Keep Your Promises (Bank Branding Series – Post #5)

Flickr.com, CCL, m4man
This is the fifth and final part of the “Bank Branding Series”. Please click here if you want to be taken to the first post of the series.
According to Catherine Shafer on “Slides and Slippers”:
“A brand is a promise wrapped in an experience.
It is a promise made to your employees, your customers, your investors, your vendors and suppliers. A promise implies that a trust between two entities has been established. Expectations and a sense of security or reliability grow from that trust. Break a promise and you destroy a relationship.
Thus the experience anyone has with your organization must reflect your promise. Every experience, every time. This is at the heart of marketing your organization, company, even yourself.”
Where most marketers focus on the customer side of things, her definition puts everything in perspective: you cannot deliver a realistic brand promise by devoting all your attention to a single target audience. The degree to which you can successfully engage your suppliers and – especially – your employees with your brand will have a strong impact on the amount of brand advocacy you will ultimately reach with your clients.
Meanwhile, keeping your promises goes both ways: people are extremely wary of others (companies, individuals, …) who do not live up to their word and deliver on the expectations we have of them. Unfortunately, it is my experience that companies are not always equally great at following up on the expectations that they create with their employees and customers. For a refreshing take on this, check out the video below.
Ultimately, a company is a collective of individuals working towards a common goal. The problem is that the goal can be different, and at times elusive, depending on who you talk to. Shareholders, senior management, employees and customers may have different goals in mind when thinking about organisation goals.
Case in point: the current crisis of confidence is due, at least in part, to the differing expectations various stakeholder audiences had of financial institutions in the past. As shareholders, we were looking for superior and long-lasting (ever-lasting ?) returns on our investment. As senior management and employees, we were looking for challenging careers with an above average paycheck. As customers, we were looking for a safe haven for our hard-earned cash. That promise was not kept.
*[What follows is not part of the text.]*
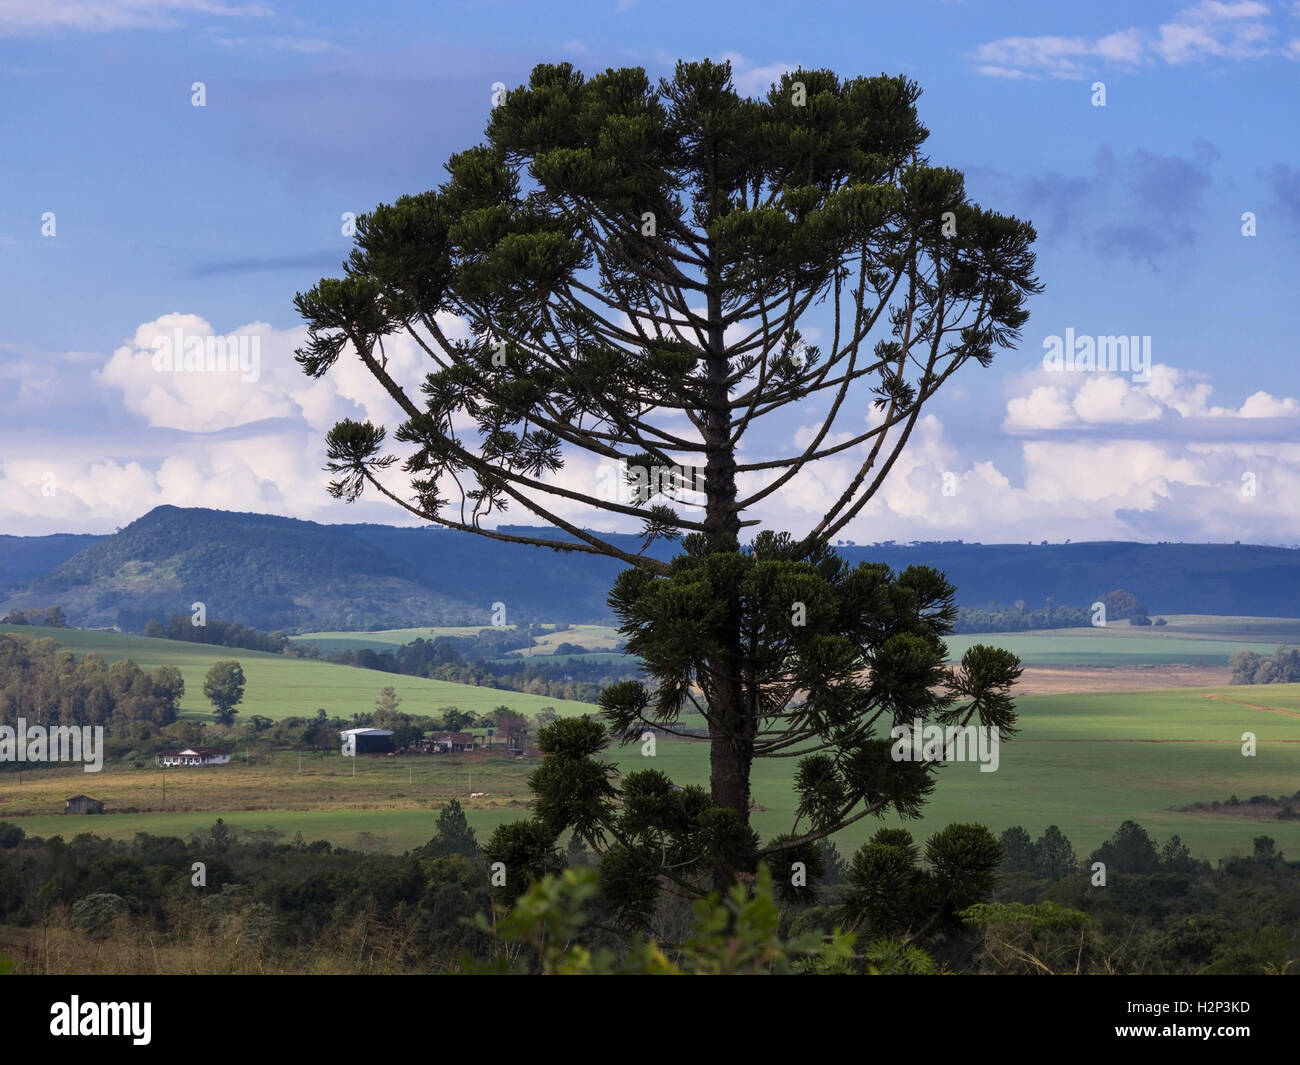 Araucaria tree (Araucaria angustifolia) in rural Tamarana County, State of Parana, Brazil. Stock Photo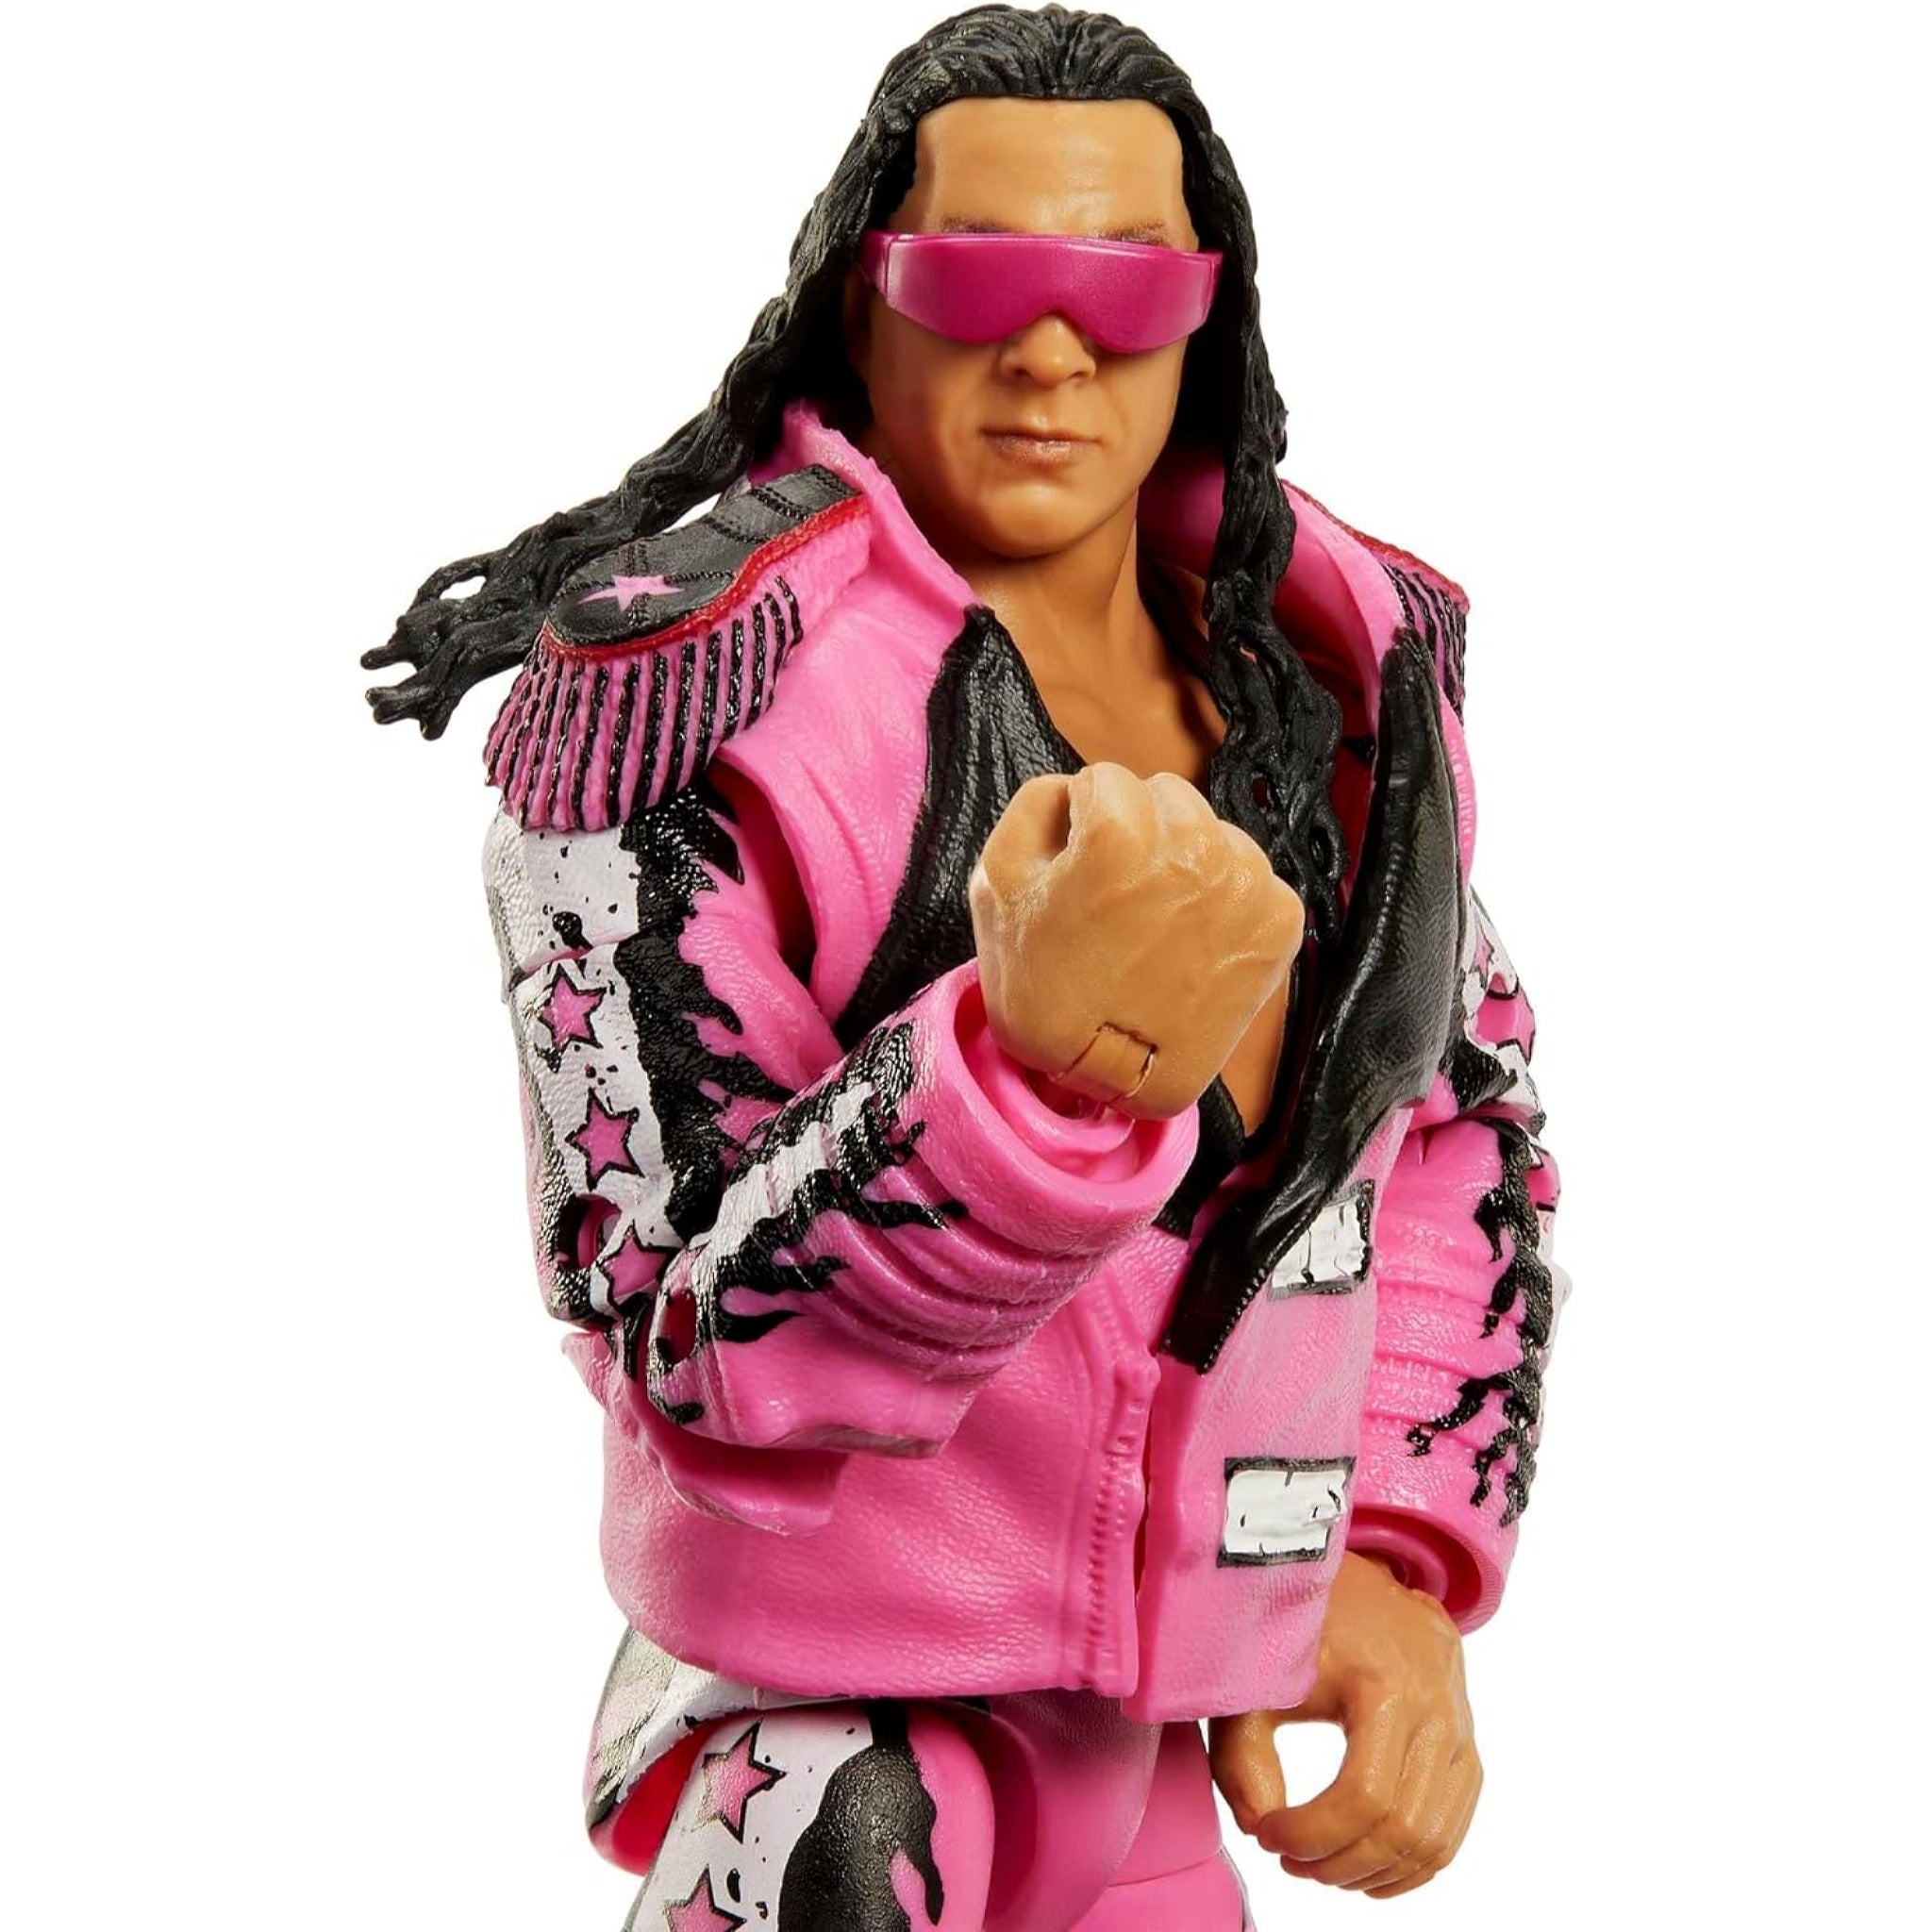 WWE Bret “Hit Man” Hart Legends Ultimate Edition Action Figure

Today, as most of the commotion around banks fades away, the slight undertone of wariness remains: many seem to feel there are still some surprises to come, and feel reluctant to start investing again. Undoubtedly, it will take some time for the financial industry’s image to recover fully from recent events.
In the meantime, it remains to be seen how the massive level of government support will “change the rules of the game” for those that remain. Will banks find themselves confronted with new regulations and requirements in order to better serve the public good ? Will the drive for profit be tempered by a focus on good social citizenship and providing valuable services to society at large ?
It will be interesting to see what the “new deal” will be, and how the promises that financial institutions make to their customers will continue to shift in the aftermath of what has been called “the greatest financial crisis since the Great Depression”.